By LK Hewlett
BASSETERRE, St Kitts (WINN) — Former president of the Caribbean Court of Justice Sir Dennis Byron has weighed in on why two more Caribbean Community (CARICOM) countries have rejected the CCJ.
Antigua and Barbuda and Grenada both held referenda on Tuesday to decide if their countries would move to the CCJ as their final appellate court instead of the UK Privy Council, and in both countries, the required two-thirds majority vote was not realized.
Byron told WINN FM that the low voter turnout in both countries may be an indication that the issue did not resonate with the voters as being important to them.
“Theoretically it’s disappointing because it means that there’s an issue which people might not see as important to their lives and to their welfare. To some extent it might be true that very few people have any interaction with the Privy Council in all these years, I don’t know if it’s something that’s remote from people’s lives that makes it not a matter of urgent importance to participate in voting.
“It might very well be too as I listen to discussions there is evidence of more of a need for more public information and education on these issues and maybe one of the lessons to come out of this is that there’s a rationale to now have continued public education on these matters where they are not linked to any particular outcome, just education for the sake of education,” Byron said.
He said based on the public’s responses, it might have been better if civil society organizations had led the national dialogue instead of politicians. Pundits in both Antigua and Barbuda and Grenada suggested that the referenda appeared to have come down to a vote for the government position or that of the opposition.
The jurist encouraged civil society groups such as Chambers of Industry and Commerce to lead the necessary public education drive on the CCJ going forward.

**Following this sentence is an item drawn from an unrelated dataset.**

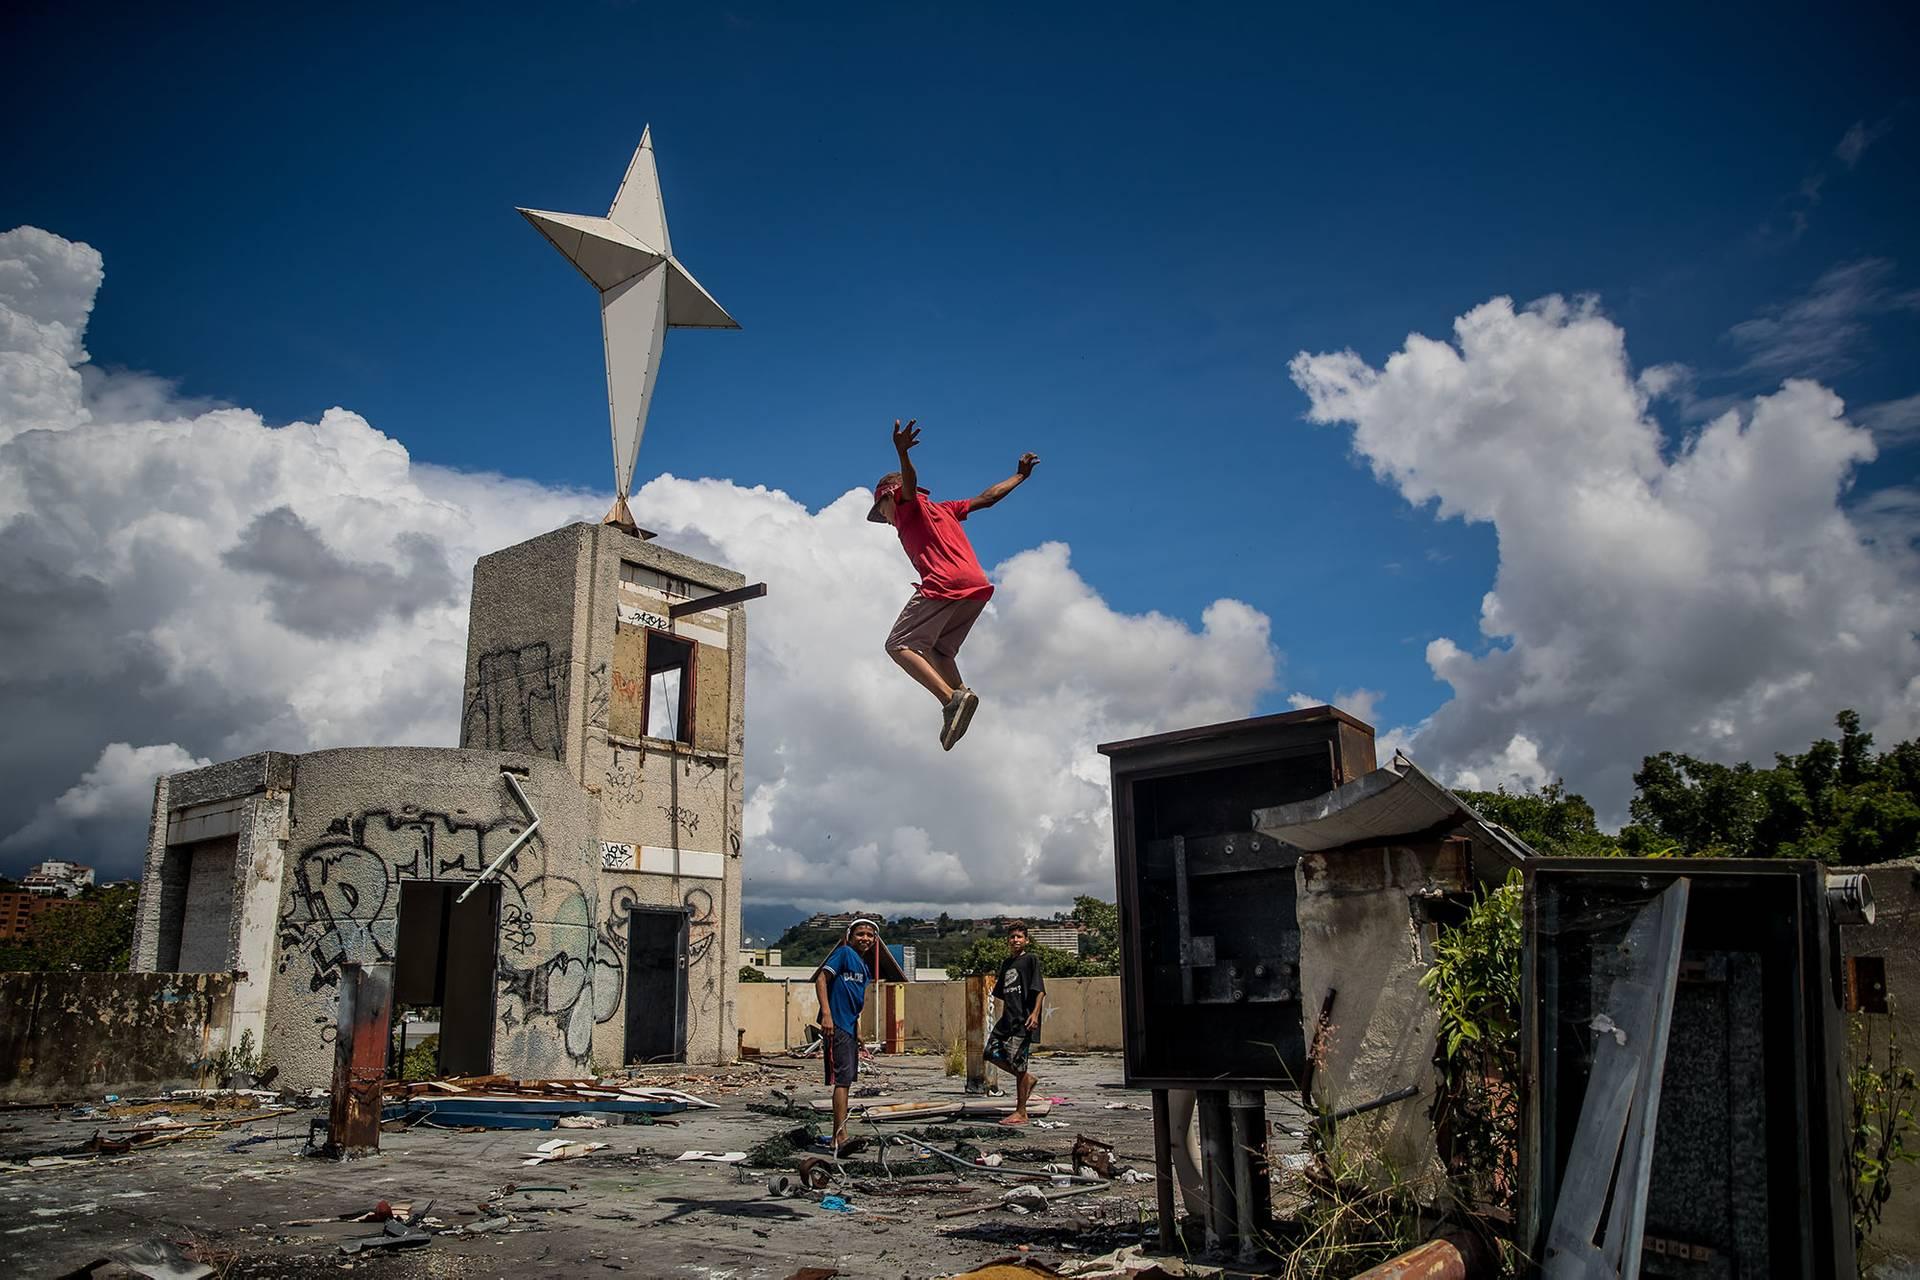 Діти граються на руїнах будівлі казино в районі Ла-Тринідад у Каракасі, Венесуела, 6 листопада 2018 року. За останні роки 3 мільйони венесуельців емігрували через падіння економіки, яке потягнуло за собою значне погіршення рівня життя у країні

“As I’ve listened to some of the comments it seems clear that the people would prefer if these efforts were supported by civil society institutions and not the political establishment. One of the problems in our region and it’s something I’ve spoken about several times is that the civil society institutions have not come forward. They’ve not been exercising any leadership in these discussions so there has been kind of a vacuum and I’m hoping in the aftermath of this you will see more civil society institutions getting the desire or the will to sponsor and support educational activities on matters of this nature,” Byron said.